* _DATASET RECORDS_:

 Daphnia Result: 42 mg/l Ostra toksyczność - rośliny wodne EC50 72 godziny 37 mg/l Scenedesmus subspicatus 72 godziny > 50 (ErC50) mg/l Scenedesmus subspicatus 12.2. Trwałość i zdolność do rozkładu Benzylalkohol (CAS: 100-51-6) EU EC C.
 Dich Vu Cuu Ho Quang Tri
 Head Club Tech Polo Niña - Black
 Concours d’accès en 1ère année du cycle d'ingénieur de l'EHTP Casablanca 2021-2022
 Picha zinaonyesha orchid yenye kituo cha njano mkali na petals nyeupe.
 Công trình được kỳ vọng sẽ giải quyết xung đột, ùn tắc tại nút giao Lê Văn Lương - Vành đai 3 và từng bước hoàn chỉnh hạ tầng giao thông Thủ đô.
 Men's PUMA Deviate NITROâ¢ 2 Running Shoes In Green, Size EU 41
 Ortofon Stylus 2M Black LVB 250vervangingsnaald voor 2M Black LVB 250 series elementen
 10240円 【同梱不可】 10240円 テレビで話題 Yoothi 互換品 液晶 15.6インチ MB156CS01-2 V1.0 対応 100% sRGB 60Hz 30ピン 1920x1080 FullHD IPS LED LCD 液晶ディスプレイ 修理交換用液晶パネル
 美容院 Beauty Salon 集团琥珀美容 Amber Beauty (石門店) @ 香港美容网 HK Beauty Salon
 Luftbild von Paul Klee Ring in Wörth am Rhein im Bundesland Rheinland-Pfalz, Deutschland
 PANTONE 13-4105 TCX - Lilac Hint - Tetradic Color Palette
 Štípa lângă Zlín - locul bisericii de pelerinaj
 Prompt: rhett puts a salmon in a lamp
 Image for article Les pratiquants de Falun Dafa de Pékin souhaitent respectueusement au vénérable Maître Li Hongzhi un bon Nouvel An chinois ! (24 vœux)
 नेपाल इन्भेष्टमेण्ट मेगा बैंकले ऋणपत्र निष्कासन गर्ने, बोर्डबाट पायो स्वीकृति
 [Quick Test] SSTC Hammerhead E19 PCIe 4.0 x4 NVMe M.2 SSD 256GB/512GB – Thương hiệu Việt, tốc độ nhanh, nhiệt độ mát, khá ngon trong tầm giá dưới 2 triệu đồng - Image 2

* _THE TASK_: Could you retype exactly the lines from the one containing "Image for article" through the final line of the data above, and no others?

* _OUTPUT_:
 Image for article Les pratiquants de Falun Dafa de Pékin souhaitent respectueusement au vénérable Maître Li Hongzhi un bon Nouvel An chinois ! (24 vœux)
 नेपाल इन्भेष्टमेण्ट मेगा बैंकले ऋणपत्र निष्कासन गर्ने, बोर्डबाट पायो स्वीकृति
 [Quick Test] SSTC Hammerhead E19 PCIe 4.0 x4 NVMe M.2 SSD 256GB/512GB – Thương hiệu Việt, tốc độ nhanh, nhiệt độ mát, khá ngon trong tầm giá dưới 2 triệu đồng - Image 2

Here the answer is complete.